··· DATASET EXCERPTS ···
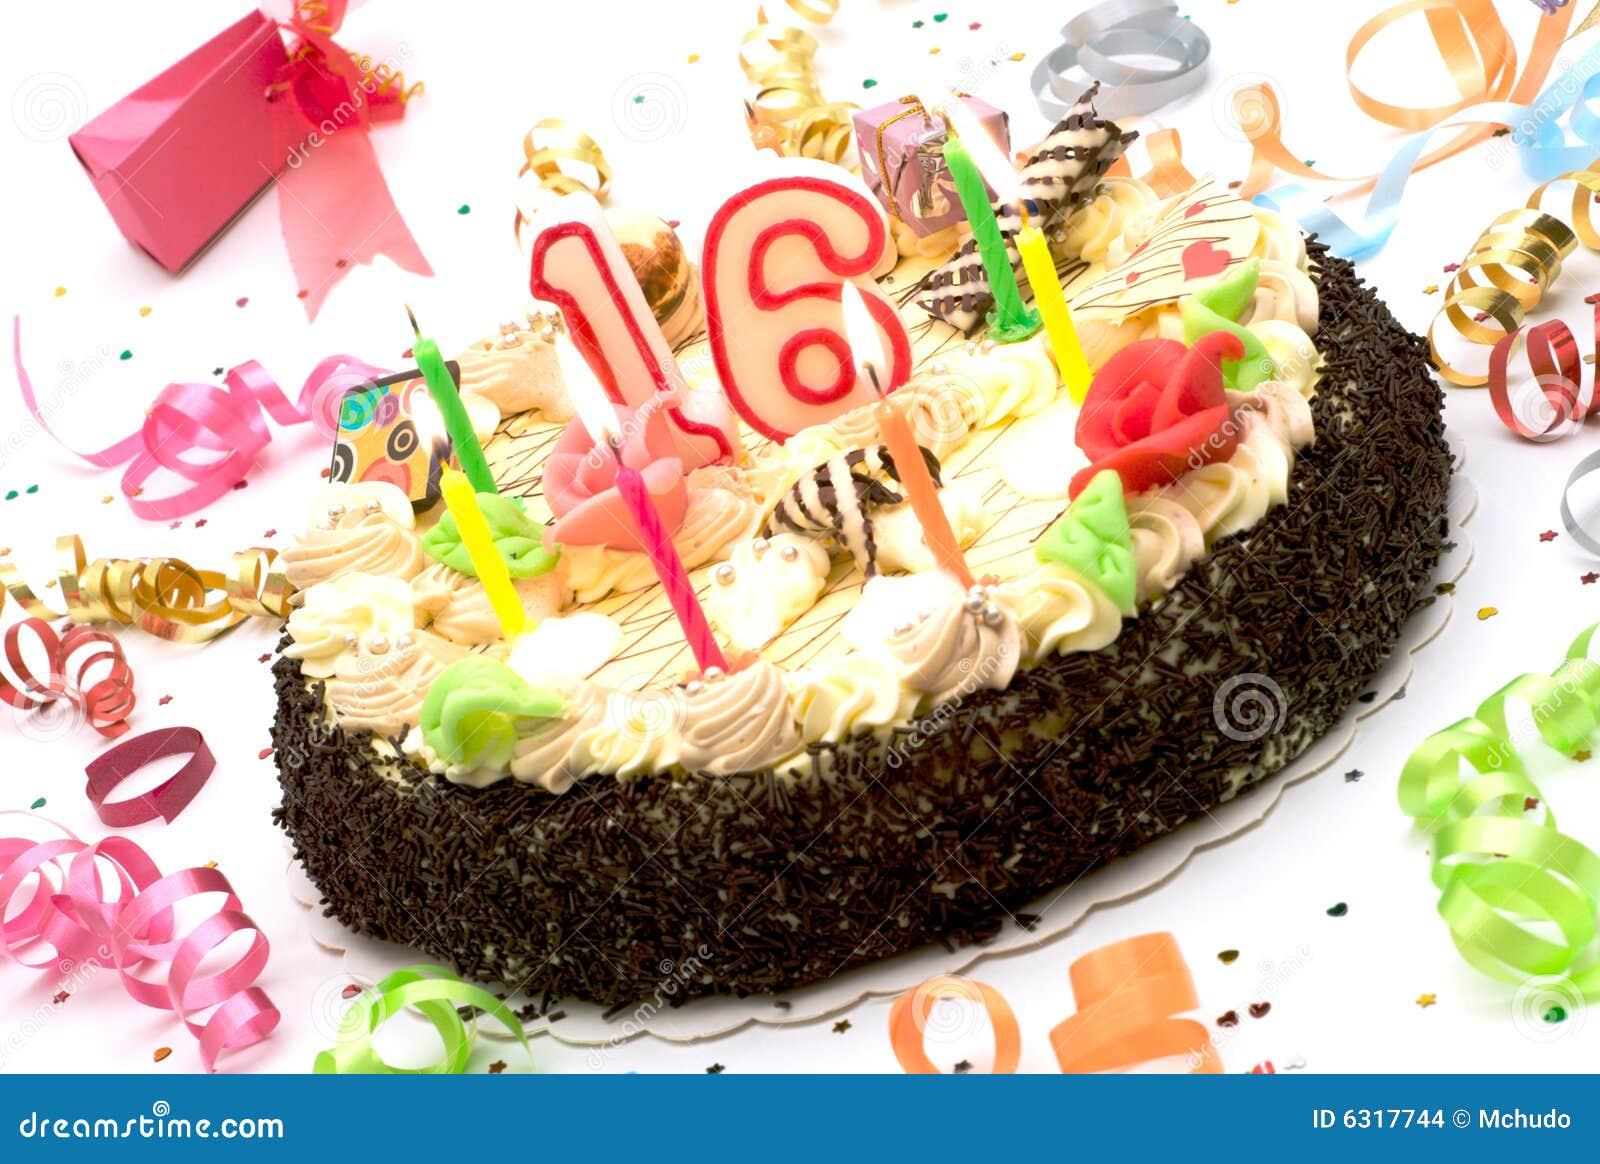 Поздравление с днем рождения дочке с 16
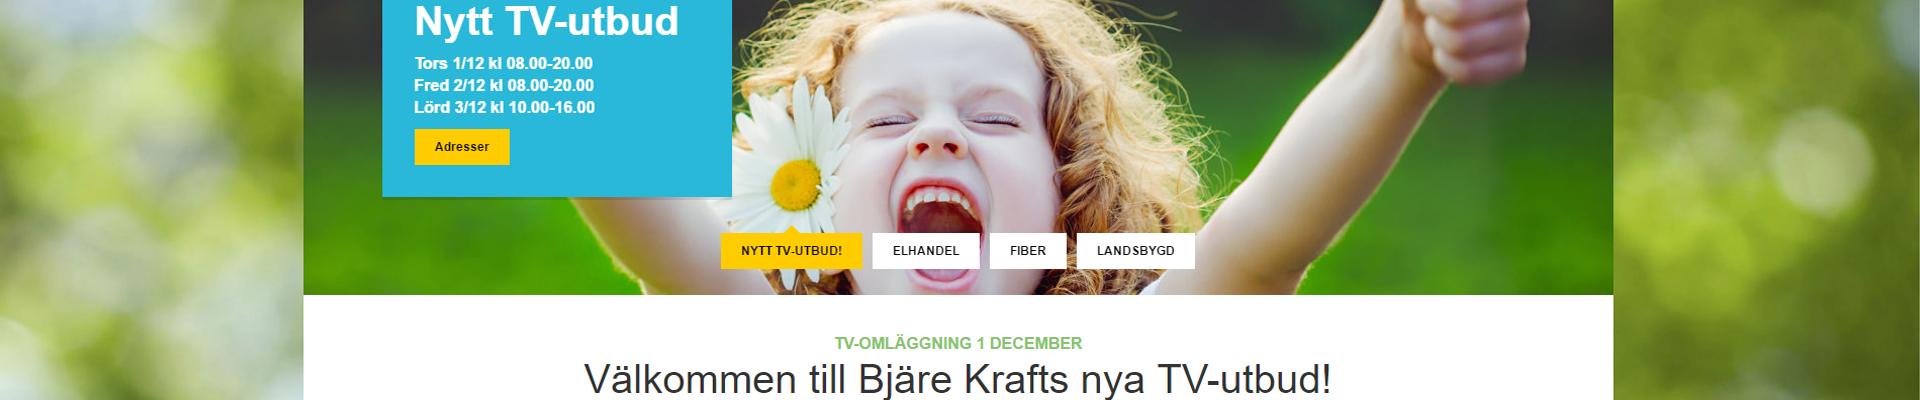 TV-OMLÄGGNING 1 DECEMBER
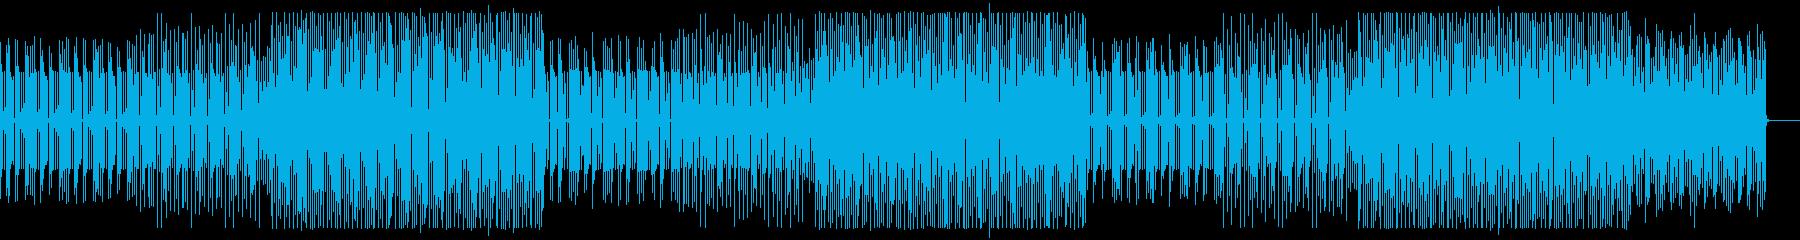 ゾンビのダンス 不気味なエレクトロ 幽霊の再生済みの波形
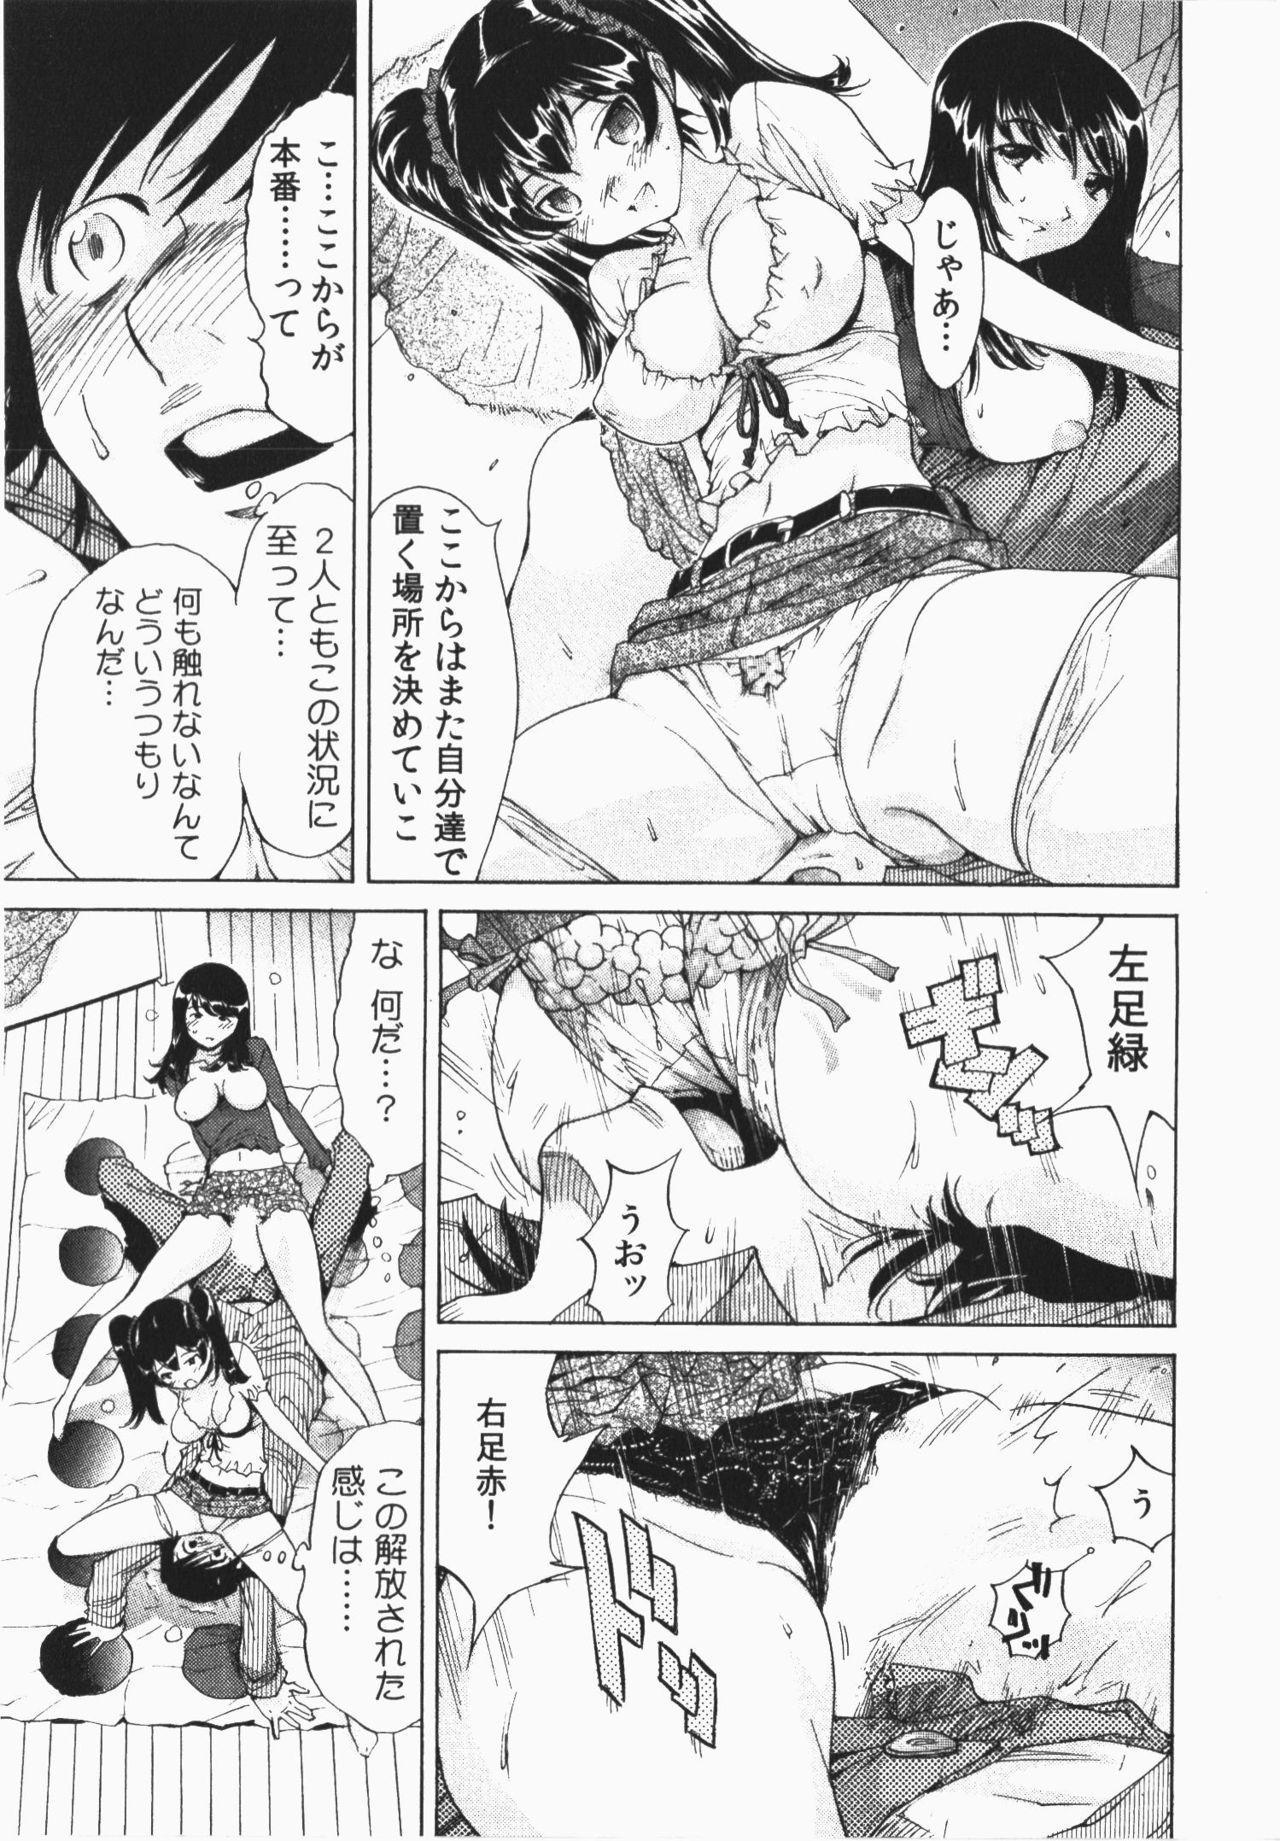 Ukkari Haicchatta! Itoko to Micchaku Game Chuu 56
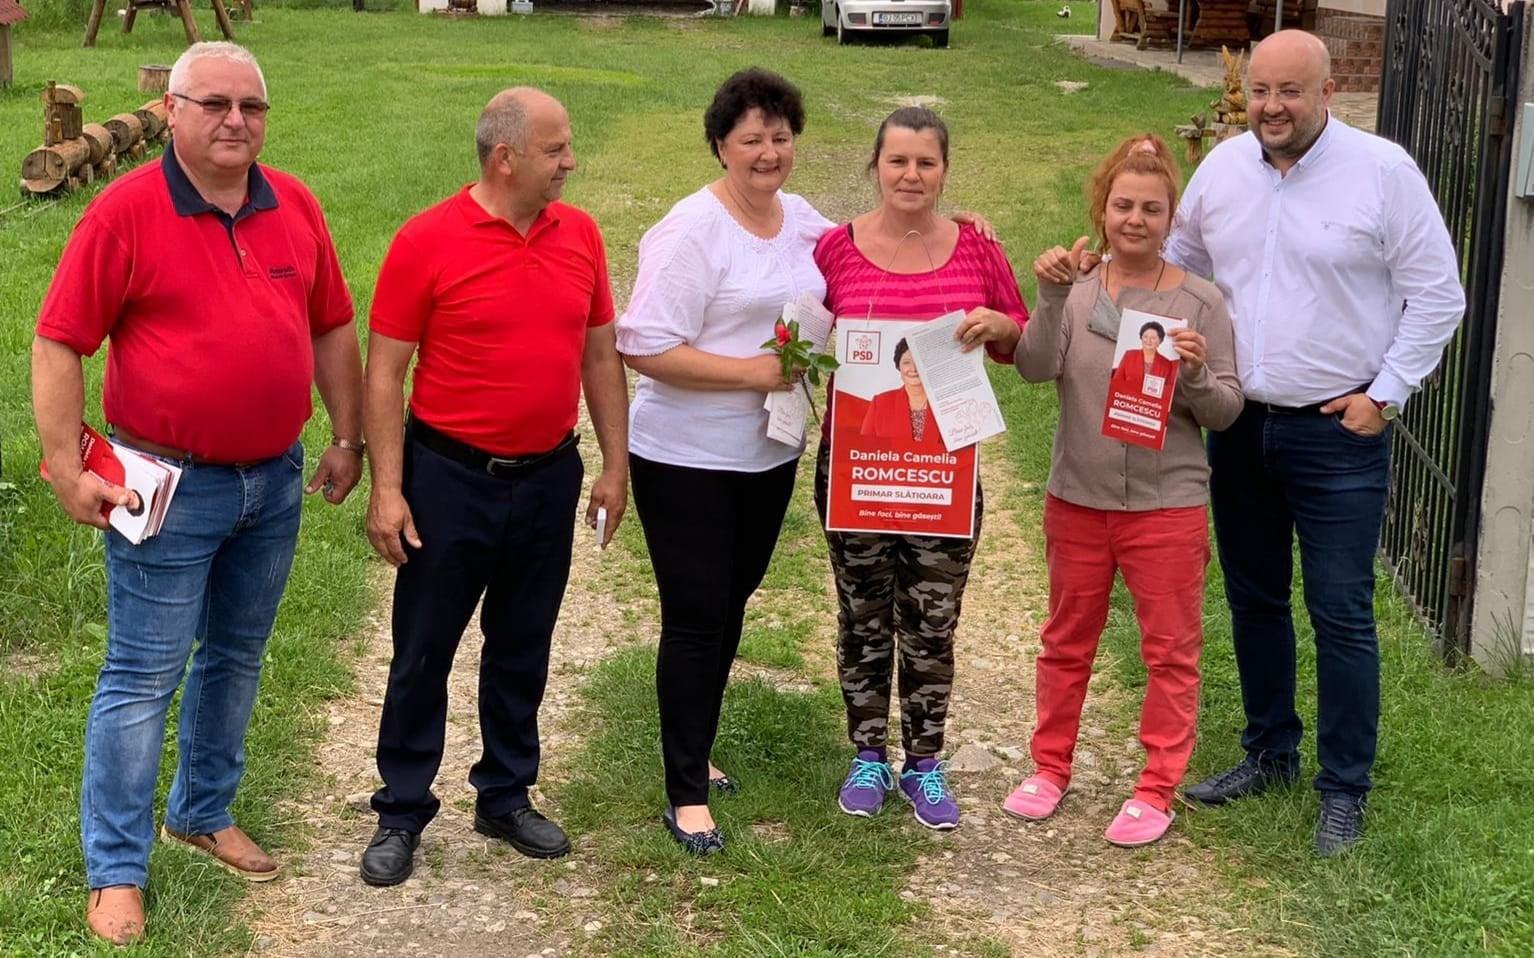 """Daniela Camelia Romcescu: """"Mulţumim tuturor pentru sprijinul şi încrederea acordată"""""""
···
EXERCISE INSTRUCTIONS:
Beginning with the line that contains "TV-OMLÄGGNING 1 DECEMBER" and ending with the last line of the entries above, repeat each line exactly, but not the pictures.

WORKED SOLUTION:
 TV-OMLÄGGNING 1 DECEMBER
 ゾンビのダンス 不気味なエレクトロ 幽霊の再生済みの波形
 Ukkari Haicchatta! Itoko to Micchaku Game Chuu 56
 """Daniela Camelia Romcescu: """"Mulţumim tuturor pentru sprijinul şi încrederea acordată"""""""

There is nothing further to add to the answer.